The team never imagined it would called on to help lend insights about another world. “This is one of the most exciting times in my scientific career,” said Campbell, a U of G professor for 36 years.
The U of G researchers became involved through scientists from the Max Planck Institute for Chemistry in Mainz, Germany, who built the rover’s alpha particle X-ray spectrometer. The device identifies the chemical components in rock and soil by bombarding a sample with alpha particles and X-rays, then detecting the characteristic X-rays bouncing back from the surface (the nickname for its precursor on the Mars Pathfinder was “the sniffer”).
It takes sophisticated software back here on Earth to interpret the results, and the German group is turning to the U of G software. John Maxwell, a Guelph software consultant who works with Campbell, has been refining the computer package to process the results beamed back from the rover.
Melissa Omand, a U of G physics graduate working under Campbell – with the help of physics professors Bernie Nickel and Joanne O’Meara – undertook a major computer simulation effort to predict exactly what the rover’s sniffer should “see” when exposed to a particular type of rock. The device sends back chemical signatures for such elements as sodium and iron in the soil and rocks.

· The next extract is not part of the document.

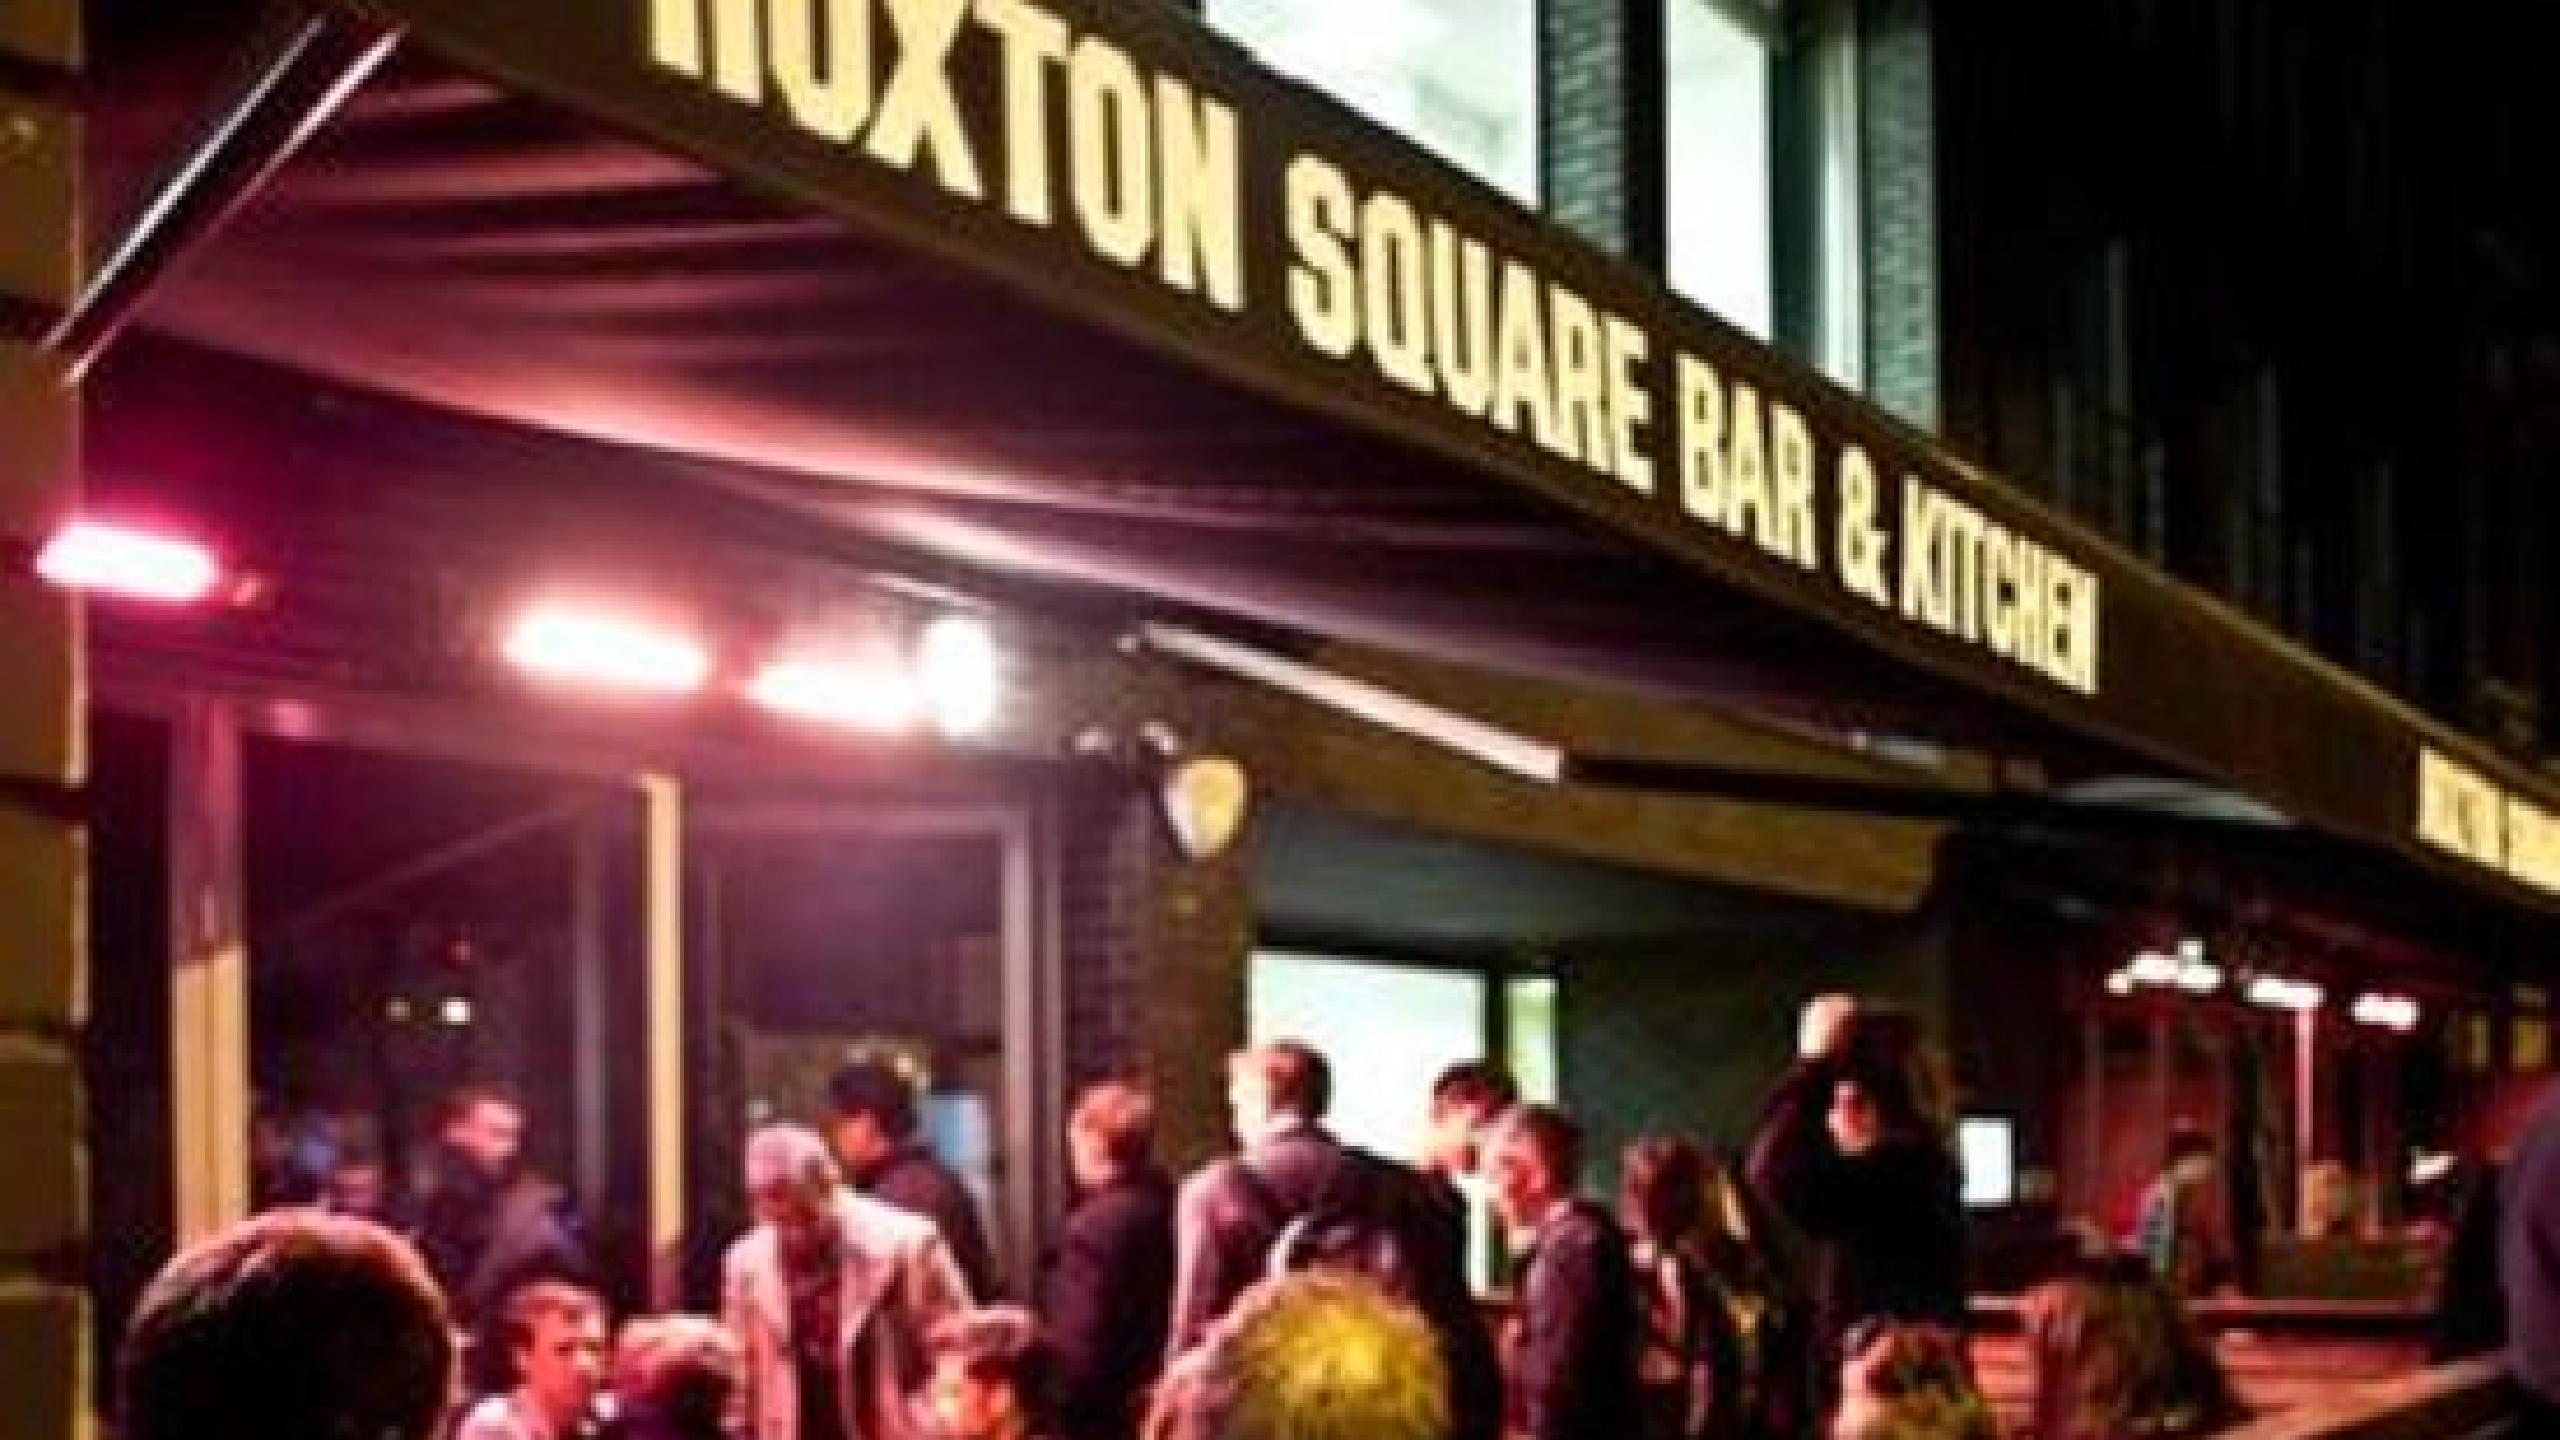 hoxton square bar and kitchen twitter

The simulation results were delivered to Germany last week.
“Our newly modified Guelph software is the most accurate means to interpret these signatures and gives them a good handle on the elements,” Campbell said. “We’re trying to refine the software now so that features from water can be analyzed more accurately. Can we simulate the scatter effects and predict the results you’d get if there was water in the rock?”
Based on promising results from their simulations, Campbell said the software will help NASA scientists make more refined data analysis, especially as they continue searching for signs of water on Mars.